§ **WHAT YOU ARE ASKED TO DO**
Each record is to be given again without alteration.

### DATASET CONTENT

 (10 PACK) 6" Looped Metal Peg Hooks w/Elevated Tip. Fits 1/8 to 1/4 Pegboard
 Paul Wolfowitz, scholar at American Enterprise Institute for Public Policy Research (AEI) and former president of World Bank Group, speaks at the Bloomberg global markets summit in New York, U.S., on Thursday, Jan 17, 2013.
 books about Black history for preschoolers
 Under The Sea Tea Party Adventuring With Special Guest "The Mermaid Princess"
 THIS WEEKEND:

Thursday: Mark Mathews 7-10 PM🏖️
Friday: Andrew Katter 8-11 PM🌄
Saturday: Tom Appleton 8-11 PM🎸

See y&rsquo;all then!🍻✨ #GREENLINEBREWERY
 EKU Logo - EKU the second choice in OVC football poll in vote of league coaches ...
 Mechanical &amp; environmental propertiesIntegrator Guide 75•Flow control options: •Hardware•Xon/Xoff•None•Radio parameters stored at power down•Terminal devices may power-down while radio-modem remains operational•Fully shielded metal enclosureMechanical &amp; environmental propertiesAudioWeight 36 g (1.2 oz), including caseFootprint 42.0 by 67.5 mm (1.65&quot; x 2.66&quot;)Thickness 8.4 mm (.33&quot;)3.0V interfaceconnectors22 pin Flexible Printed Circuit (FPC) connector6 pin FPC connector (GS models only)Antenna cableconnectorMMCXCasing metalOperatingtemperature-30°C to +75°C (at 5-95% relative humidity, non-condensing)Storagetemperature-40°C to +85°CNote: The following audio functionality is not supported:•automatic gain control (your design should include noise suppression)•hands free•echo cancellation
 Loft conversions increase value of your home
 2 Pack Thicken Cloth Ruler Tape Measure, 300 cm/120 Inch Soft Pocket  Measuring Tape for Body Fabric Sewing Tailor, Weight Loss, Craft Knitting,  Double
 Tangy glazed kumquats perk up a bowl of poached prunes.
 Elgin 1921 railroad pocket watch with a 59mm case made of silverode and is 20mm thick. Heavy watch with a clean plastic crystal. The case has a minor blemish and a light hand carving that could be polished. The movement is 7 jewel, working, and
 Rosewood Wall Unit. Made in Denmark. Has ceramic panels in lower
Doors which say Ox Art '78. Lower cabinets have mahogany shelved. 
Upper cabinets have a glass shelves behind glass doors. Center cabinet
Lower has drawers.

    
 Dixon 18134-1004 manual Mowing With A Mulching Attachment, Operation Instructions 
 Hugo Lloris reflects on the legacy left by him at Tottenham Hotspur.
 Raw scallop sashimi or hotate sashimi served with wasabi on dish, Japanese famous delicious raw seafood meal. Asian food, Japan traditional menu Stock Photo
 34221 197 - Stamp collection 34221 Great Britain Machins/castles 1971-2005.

######

§ **EXPECTED OUTPUT**
 (10 PACK) 6" Looped Metal Peg Hooks w/Elevated Tip. Fits 1/8 to 1/4 Pegboard
 Paul Wolfowitz, scholar at American Enterprise Institute for Public Policy Research (AEI) and former president of World Bank Group, speaks at the Bloomberg global markets summit in New York, U.S., on Thursday, Jan 17, 2013.
 books about Black history for preschoolers
 Under The Sea Tea Party Adventuring With Special Guest "The Mermaid Princess"
 THIS WEEKEND:

Thursday: Mark Mathews 7-10 PM🏖️
Friday: Andrew Katter 8-11 PM🌄
Saturday: Tom Appleton 8-11 PM🎸

See y&rsquo;all then!🍻✨ #GREENLINEBREWERY
 EKU Logo - EKU the second choice in OVC football poll in vote of league coaches ...
 Mechanical &amp; environmental propertiesIntegrator Guide 75•Flow control options: •Hardware•Xon/Xoff•None•Radio parameters stored at power down•Terminal devices may power-down while radio-modem remains operational•Fully shielded metal enclosureMechanical &amp; environmental propertiesAudioWeight 36 g (1.2 oz), including caseFootprint 42.0 by 67.5 mm (1.65&quot; x 2.66&quot;)Thickness 8.4 mm (.33&quot;)3.0V interfaceconnectors22 pin Flexible Printed Circuit (FPC) connector6 pin FPC connector (GS models only)Antenna cableconnectorMMCXCasing metalOperatingtemperature-30°C to +75°C (at 5-95% relative humidity, non-condensing)Storagetemperature-40°C to +85°CNote: The following audio functionality is not supported:•automatic gain control (your design should include noise suppression)•hands free•echo cancellation
 Loft conversions increase value of your home
 2 Pack Thicken Cloth Ruler Tape Measure, 300 cm/120 Inch Soft Pocket  Measuring Tape for Body Fabric Sewing Tailor, Weight Loss, Craft Knitting,  Double
 Tangy glazed kumquats perk up a bowl of poached prunes.
 Elgin 1921 railroad pocket watch with a 59mm case made of silverode and is 20mm thick. Heavy watch with a clean plastic crystal. The case has a minor blemish and a light hand carving that could be polished. The movement is 7 jewel, working, and
 Rosewood Wall Unit. Made in Denmark. Has ceramic panels in lower
Doors which say Ox Art '78. Lower cabinets have mahogany shelved. 
Upper cabinets have a glass shelves behind glass doors. Center cabinet
Lower has drawers.

    
 Dixon 18134-1004 manual Mowing With A Mulching Attachment, Operation Instructions 
 Hugo Lloris reflects on the legacy left by him at Tottenham Hotspur.
 Raw scallop sashimi or hotate sashimi served with wasabi on dish, Japanese famous delicious raw seafood meal. Asian food, Japan traditional menu Stock Photo
 34221 197 - Stamp collection 34221 Great Britain Machins/castles 1971-2005.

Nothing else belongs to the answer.